Unity Catalog

The Unity Catalog origin reads data from a Databricks Unity Catalog managed table. Use the origin only in Databricks cluster pipelines.

The origin can perform a full or incremental read. The origin performs a full read of all available data, by default.

When you configure the origin, you specify the catalog, schema, and table to read from. If you configure the origin to perform an incremental read, you specify the offset column and initial offset to use.

Full or Incremental Read

The Unity Catalog origin can perform a full read or an incremental read each time you run the pipeline. By default, the origin performs a full read of the specified table.

When the origin performs a full read, the origin processes all data available in the table each time that the pipeline runs.

When the origin performs an incremental read, the first pipeline run is the same as a full read. When the pipeline stops, the origin stores the offset where it stopped processing. For subsequent pipeline runs, the origin reads the table starting from the last-saved offset, unless you reset the pipeline offsets.

When you configure the origin to perform an incremental read, you specify the offset column and initial offset to use. As a best practice, an offset column should be an incremental and unique column that does not contain null values.
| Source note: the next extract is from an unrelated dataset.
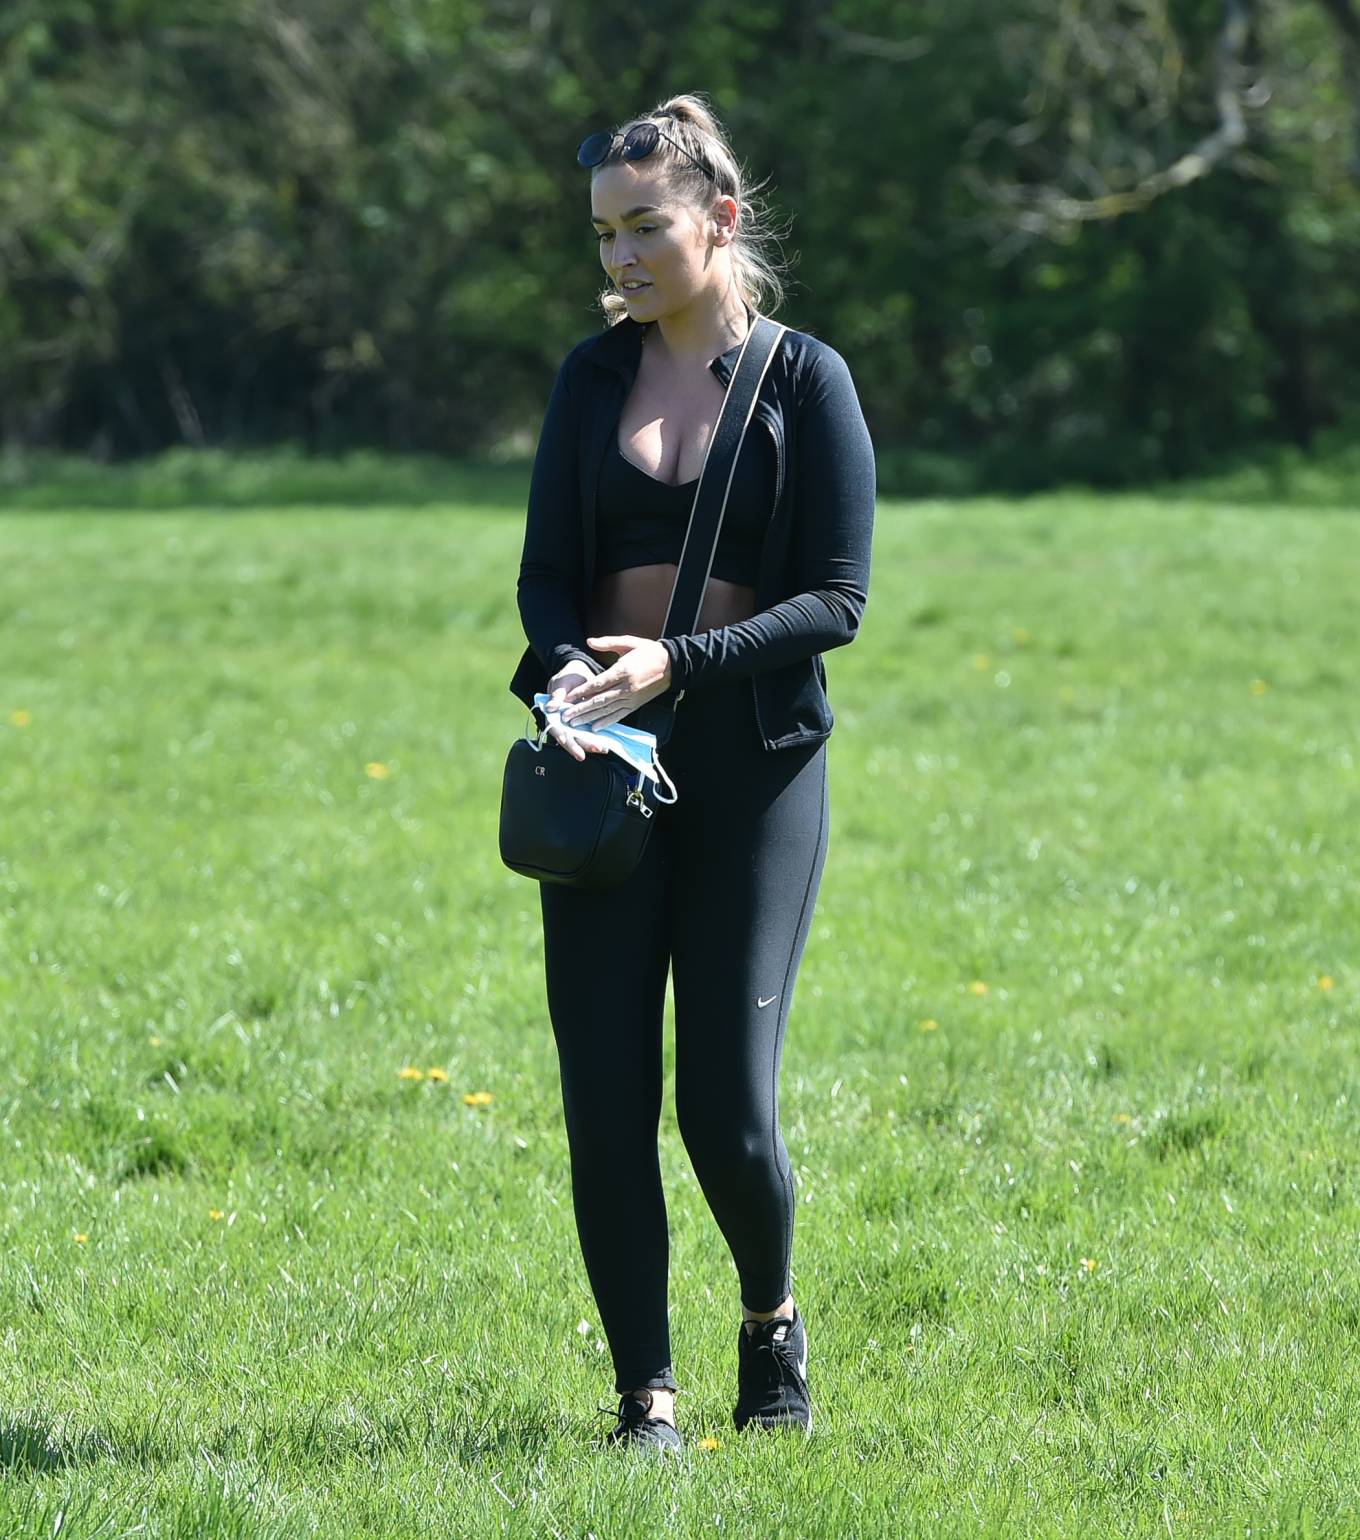 Chloe Ross with sister Madison â€“ Out for a dog walk in Essex

Having an index on this column is strongly encouraged since the underlying query uses an ORDER BY clause and inequality operators on this column.

Configuring a Unity Catalog Origin

Configure a Unity Catalog origin to read from a Databricks Unity Catalog managed table. Use the origin only in Databricks cluster pipelines.
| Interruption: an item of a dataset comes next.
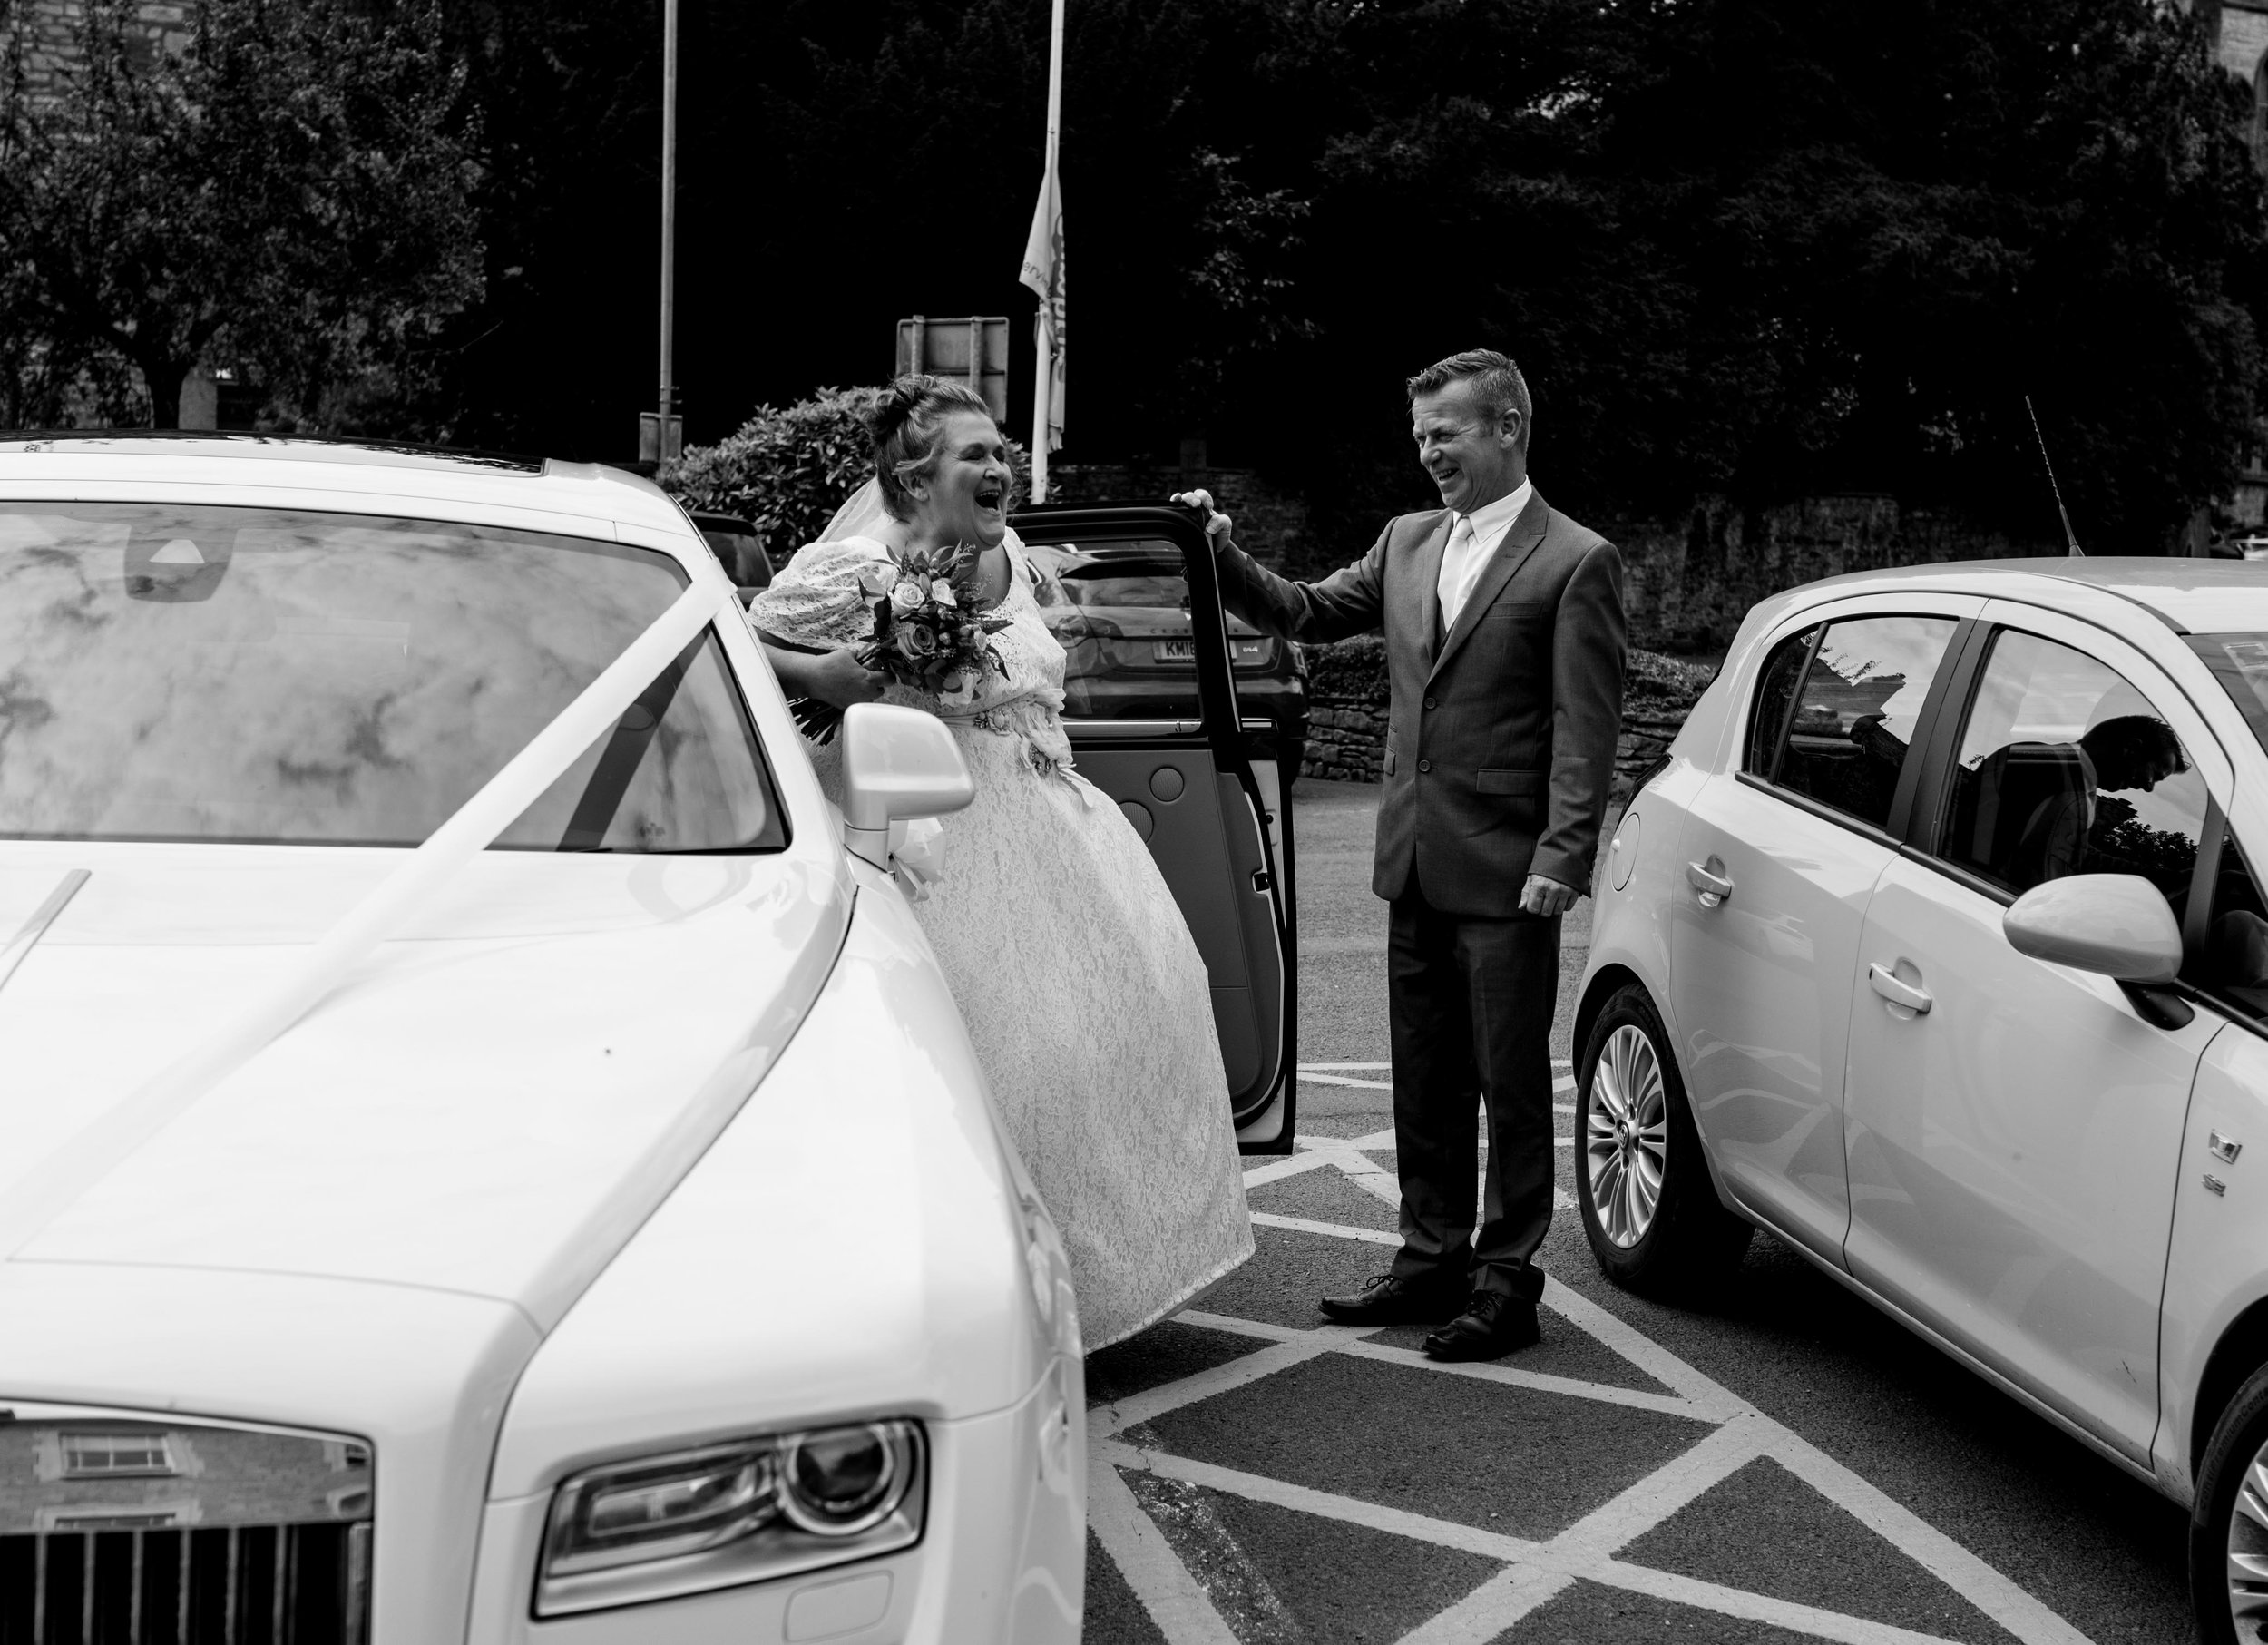 The bride arrives at kendal register office and laughs as she gets out of her white car

On the Properties panel, on the General tab, configure the following properties:


General Property	Description
Name	Stage name.
Description	Optional description.
Load Data Only Once	Reads data while processing the first batch of a pipeline run and caches the results for reuse throughout the pipeline run. Select this property for lookup origins. When configuring lookup origins, do not limit the batch size. All lookup data should be read in a single batch. Do not select this property when you configure the origin to read from more than one table.
Cache Data	Caches data processed for a batch so the data can be reused for multiple downstream stages. Use to improve performance when the stage passes data to multiple stages. Caching can limit pushdown optimization when the pipeline runs in ludicrous mode. Available when Load Data Only Once is not enabled. When the origin loads data once, the origin caches data for the entire pipeline run.
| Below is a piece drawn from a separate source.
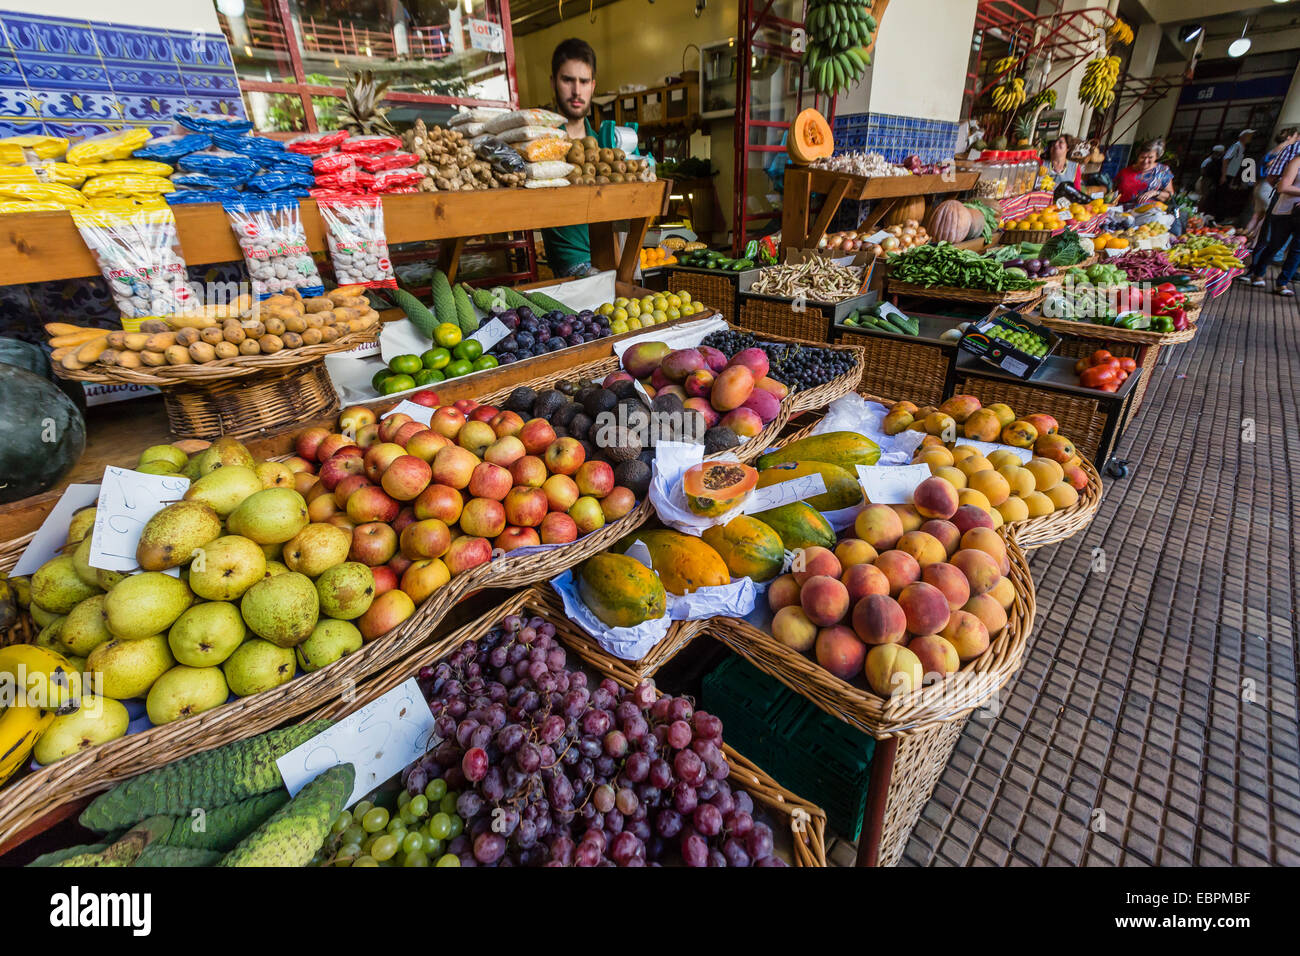 Vendors inside the Funchal Market, where fresh produce and fish are sold in Funchal, Madeira, Portugal, Europe Stock Photo

On the Unity Catalog tab, configure the following properties:


Unity Catalog Property	Description
Catalog Name	Catalog for the table to read.
Schema Name	Schema for the table to read.
Table Name	Table to read.
Incremental Mode	Enables the origin to read data from a specified initial offset for the first pipeline run, and then from the last-saved offset during subsequent pipeline runs.
Initial Offset	Initial offset value to use when you start the pipeline. Available only for incremental reads.
Offset Column	Column to track the progress of the read. Available only for incremental reads.